Segment Open
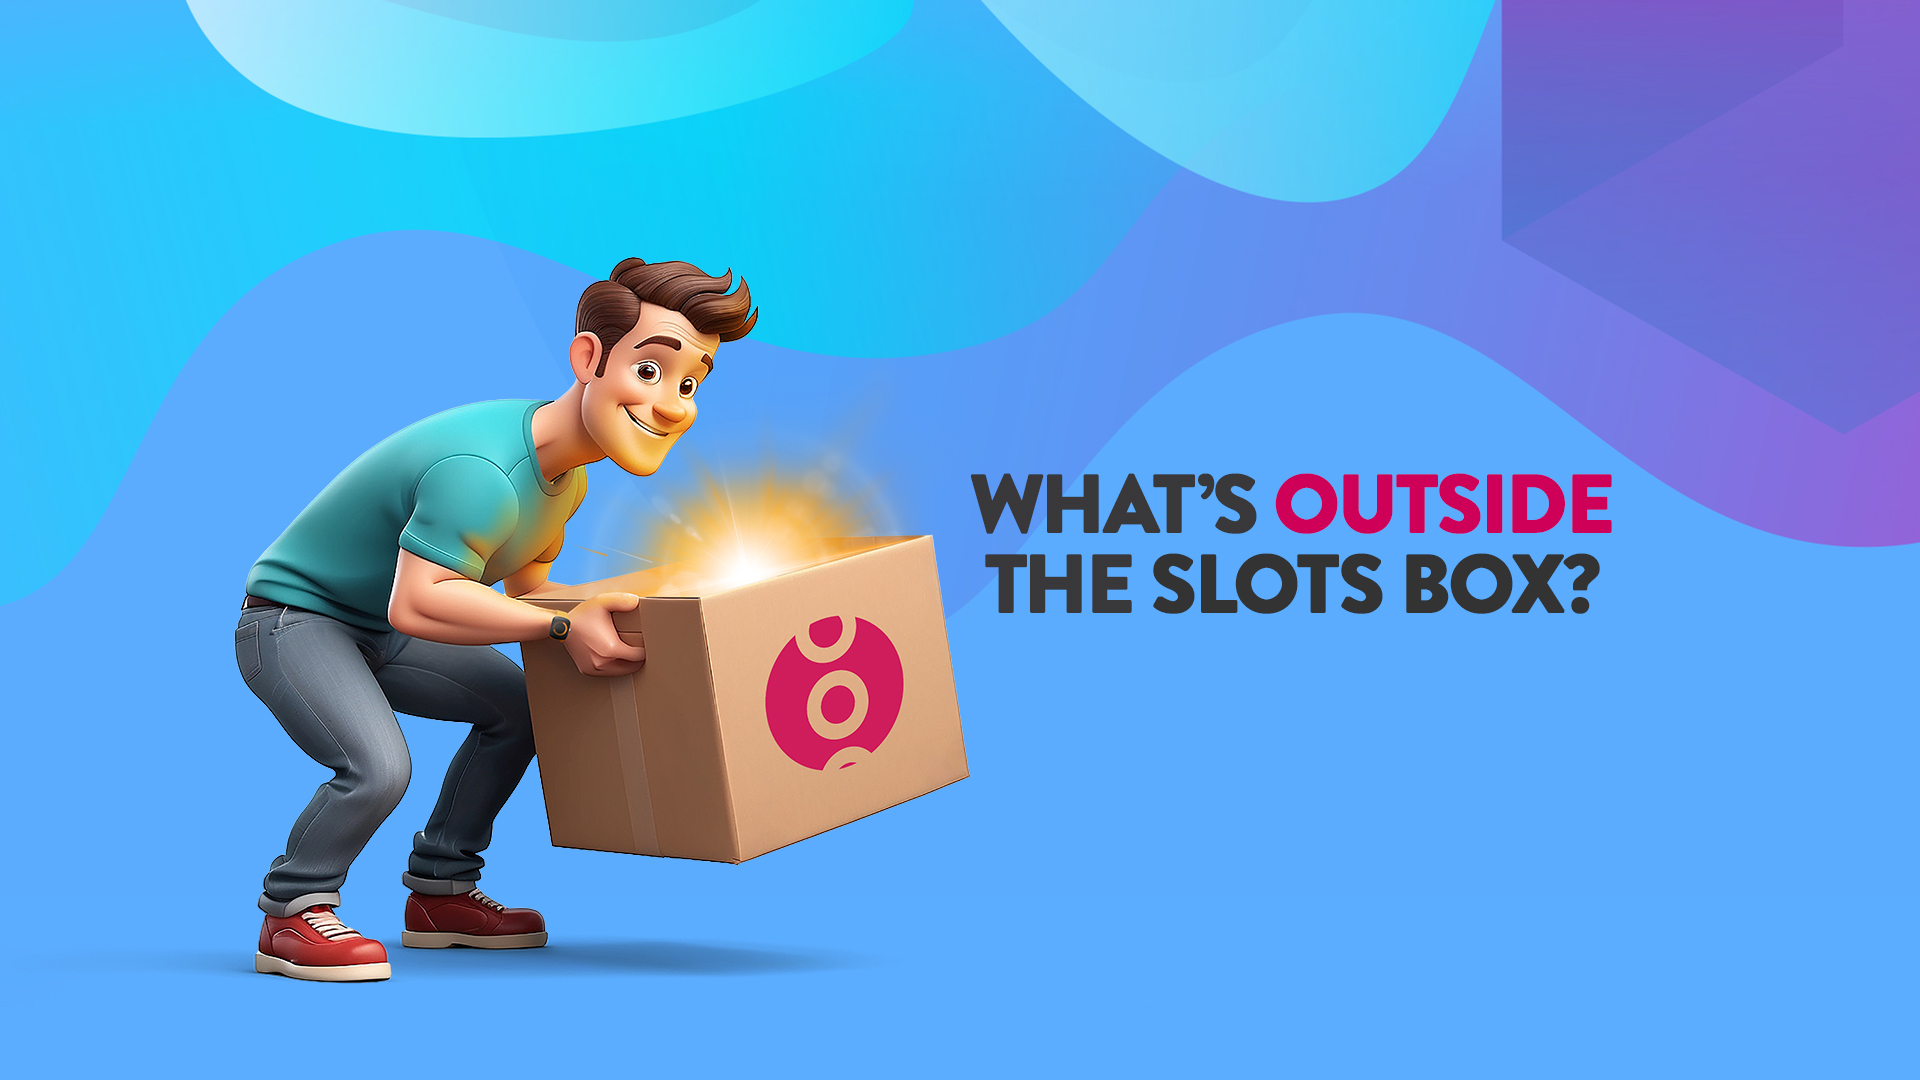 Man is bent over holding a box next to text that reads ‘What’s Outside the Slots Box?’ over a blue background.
Segment Closed
Segment Open
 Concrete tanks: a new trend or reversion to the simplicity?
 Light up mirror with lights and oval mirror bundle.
Segment Closed
Segment Open
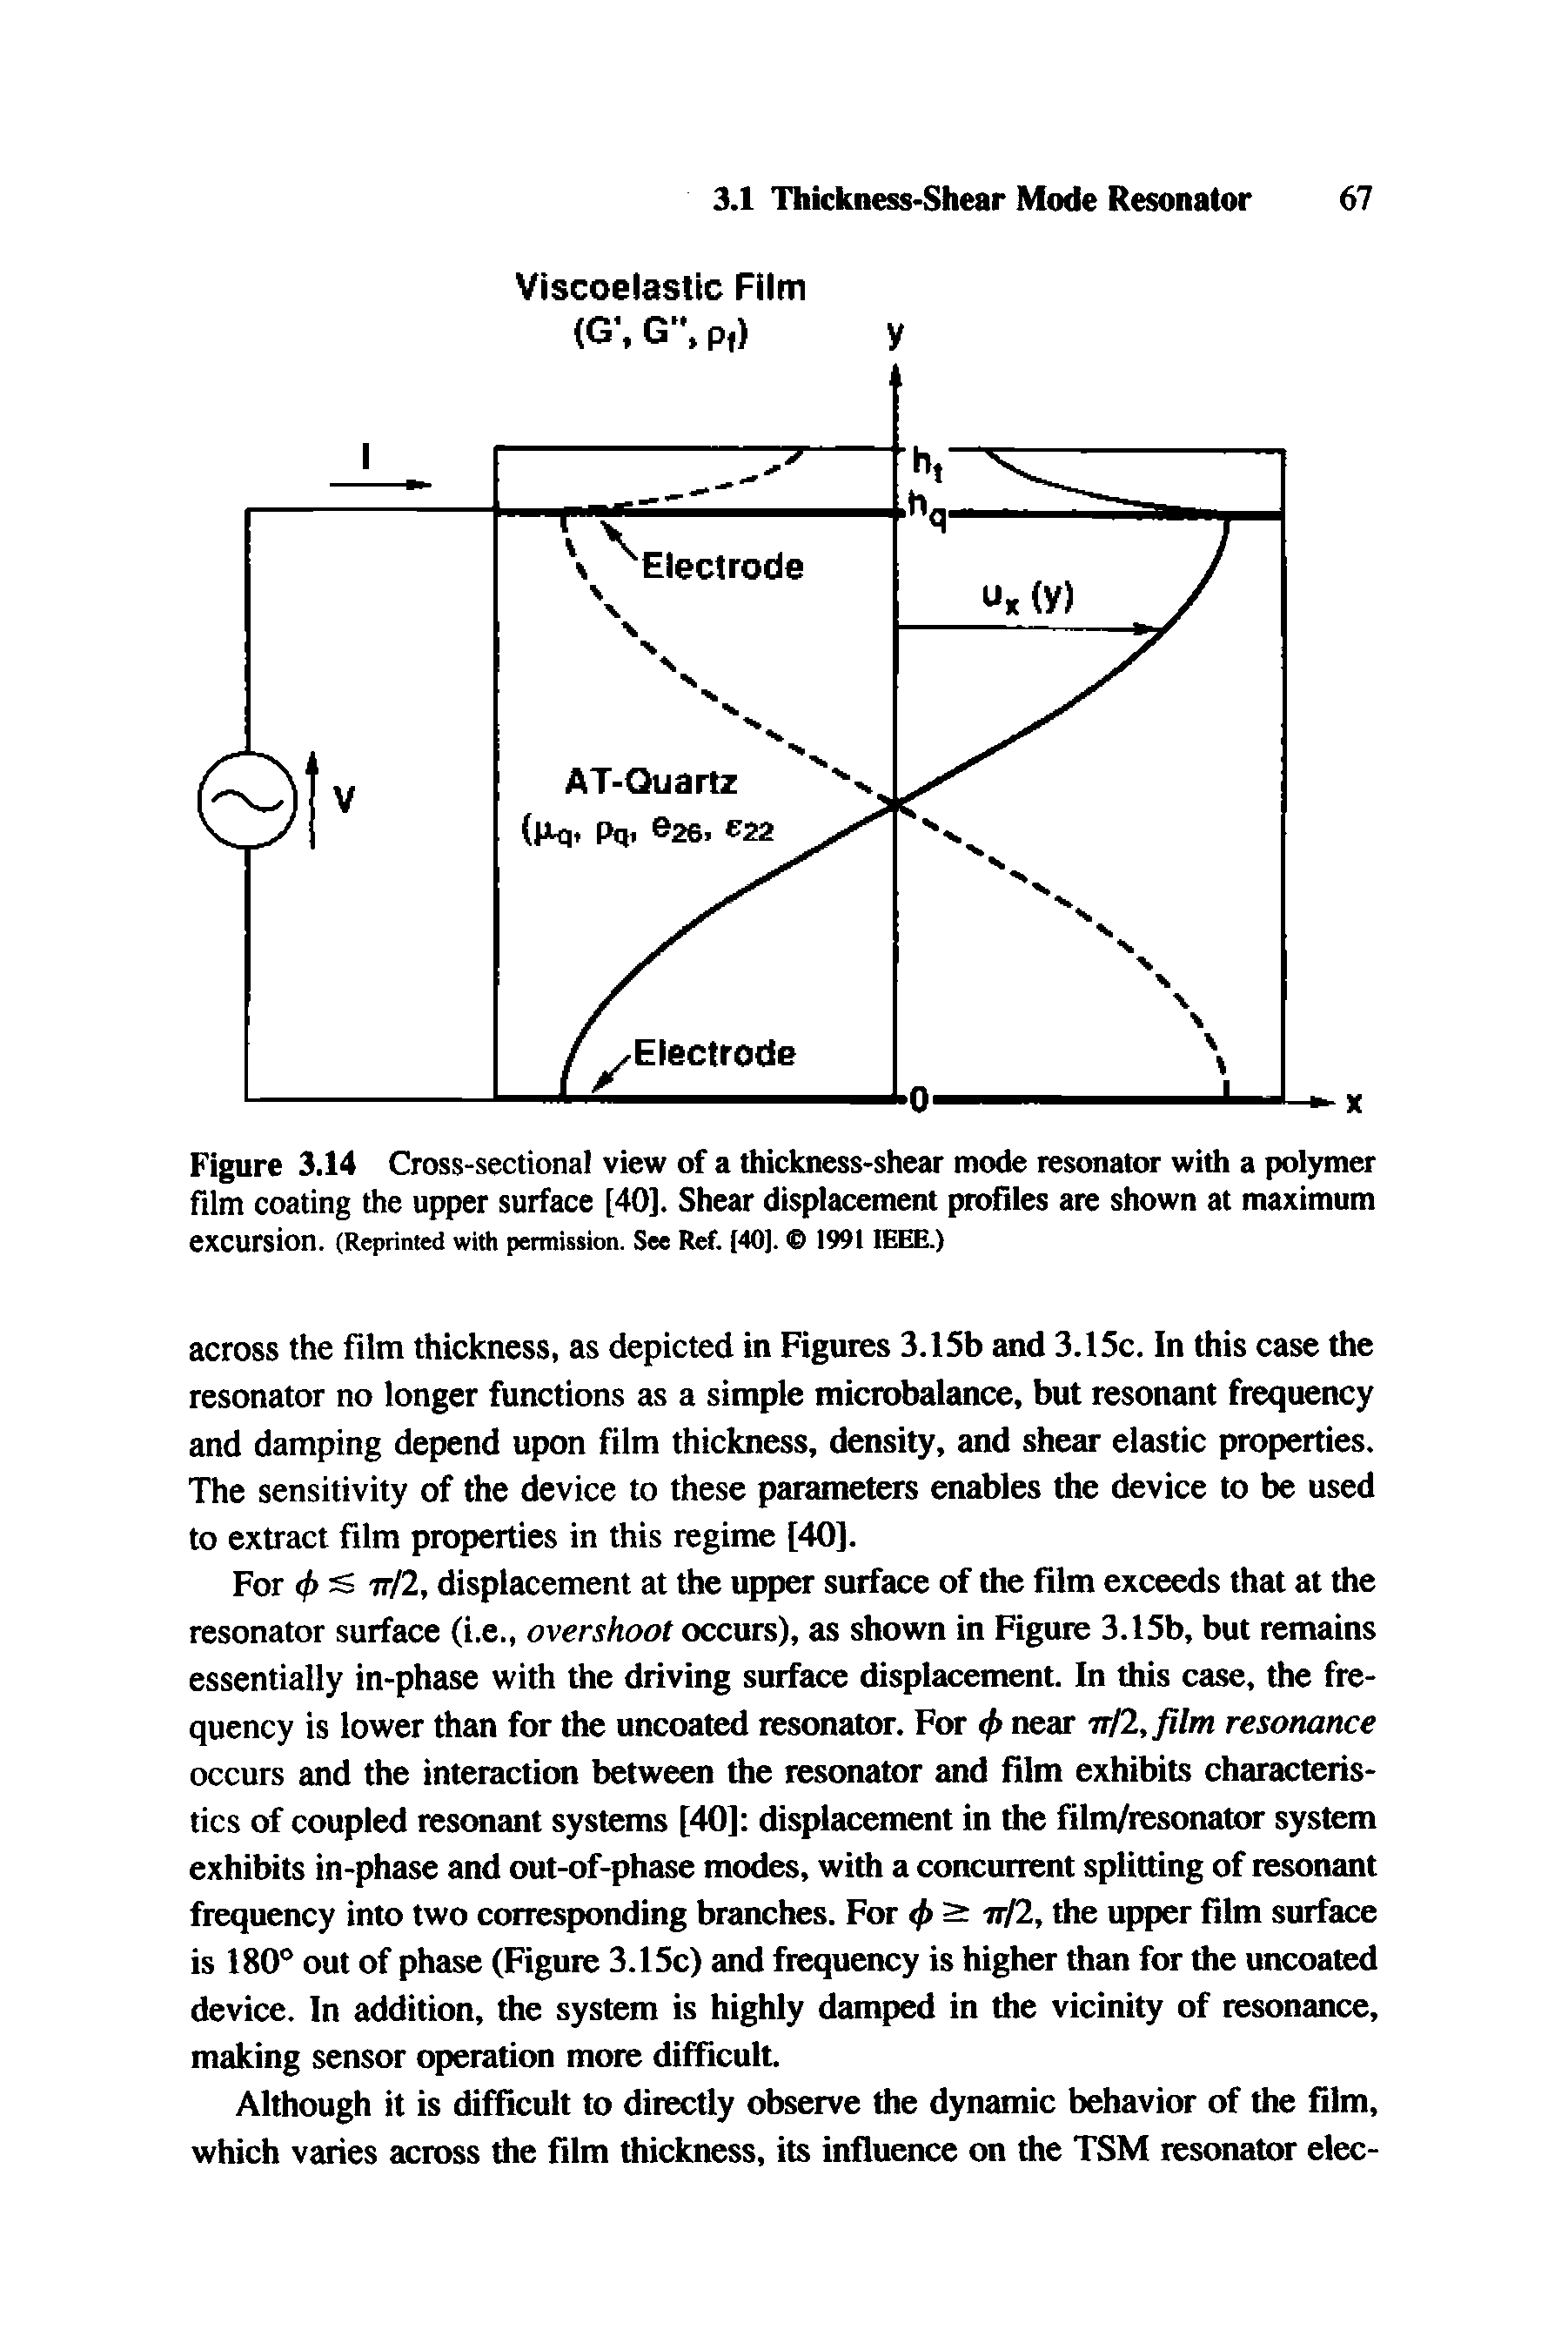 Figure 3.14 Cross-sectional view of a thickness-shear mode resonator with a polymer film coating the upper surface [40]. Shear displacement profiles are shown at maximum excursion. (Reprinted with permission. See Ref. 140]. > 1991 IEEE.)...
Segment Closed
Exercise instructions: Transcribe the lines above between the line holding "Concrete tanks: a" and the line holding "Light up mirror", inclusive, exactly as they stand and with nothing added.

Written solution:
 Concrete tanks: a new trend or reversion to the simplicity?
 Light up mirror with lights and oval mirror bundle.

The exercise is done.